* TASK REQUIREMENTS:
An exact transcription of all the data is required, with every image removed.

STORED DATA section start

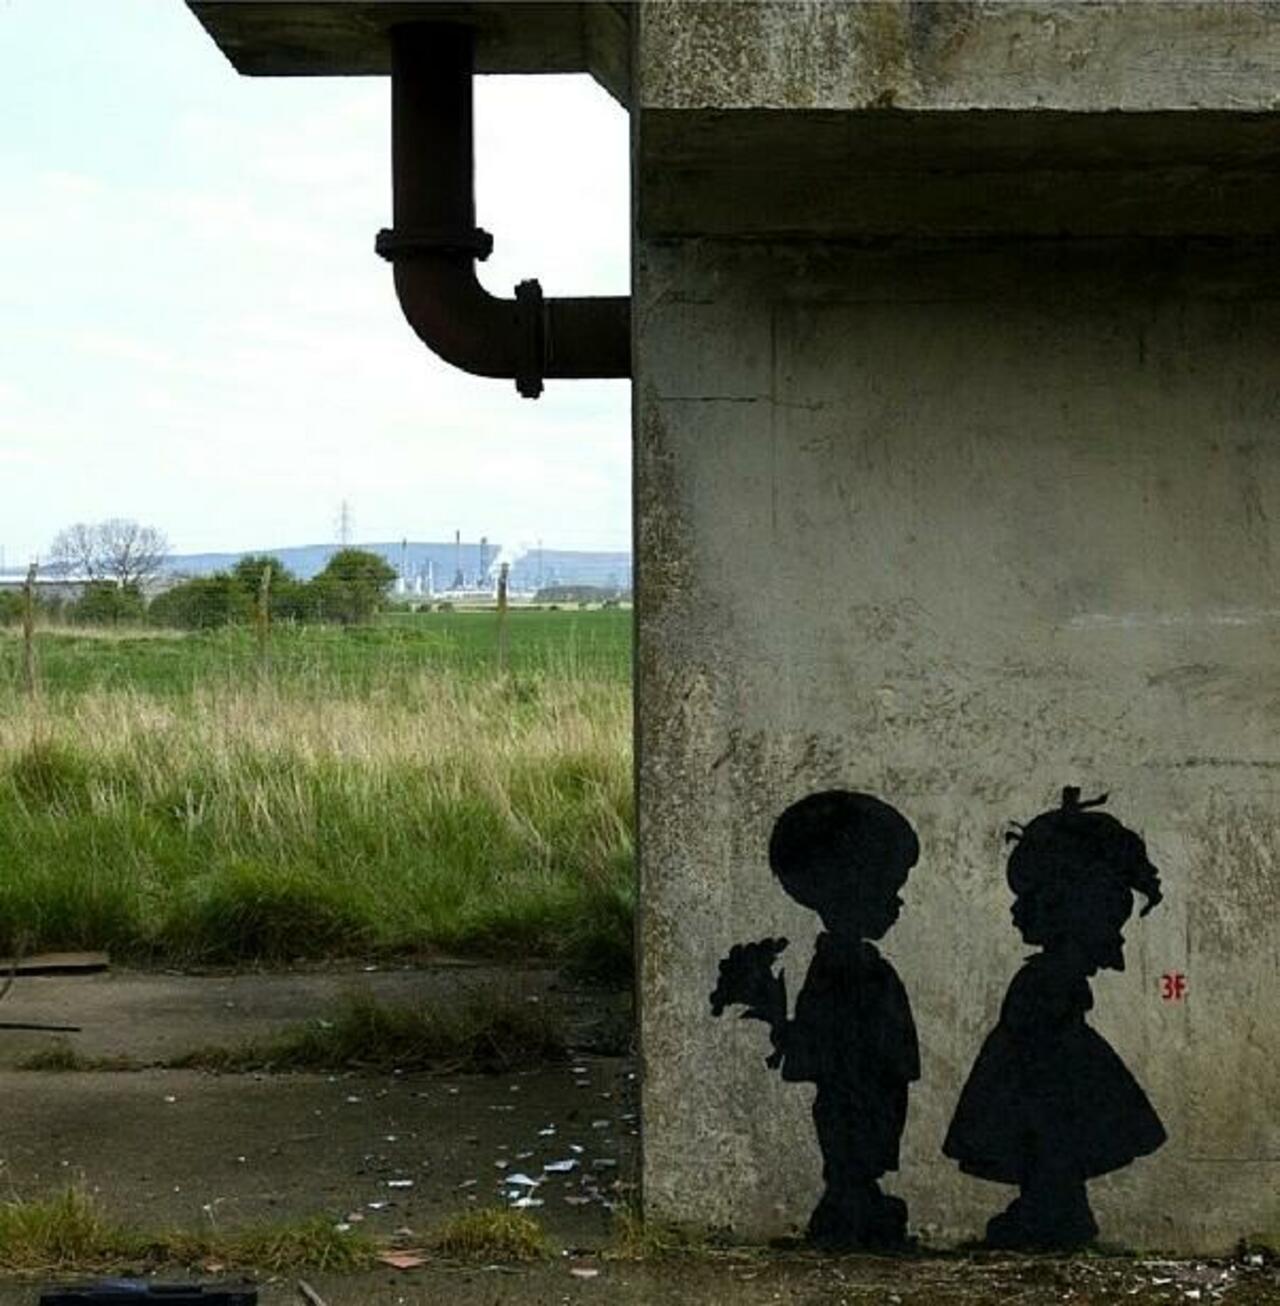 Found love in a hopeless place!

Street Art by 3fountains 

#art #mural #graffiti #streetart http://t.co/6BQWSRunK2

STORED DATA section end

* SOLUTION FOR THIS EXERCISE:
 Found love in a hopeless place!

Street Art by 3fountains 

#art #mural #graffiti #streetart http://t.co/6BQWSRunK2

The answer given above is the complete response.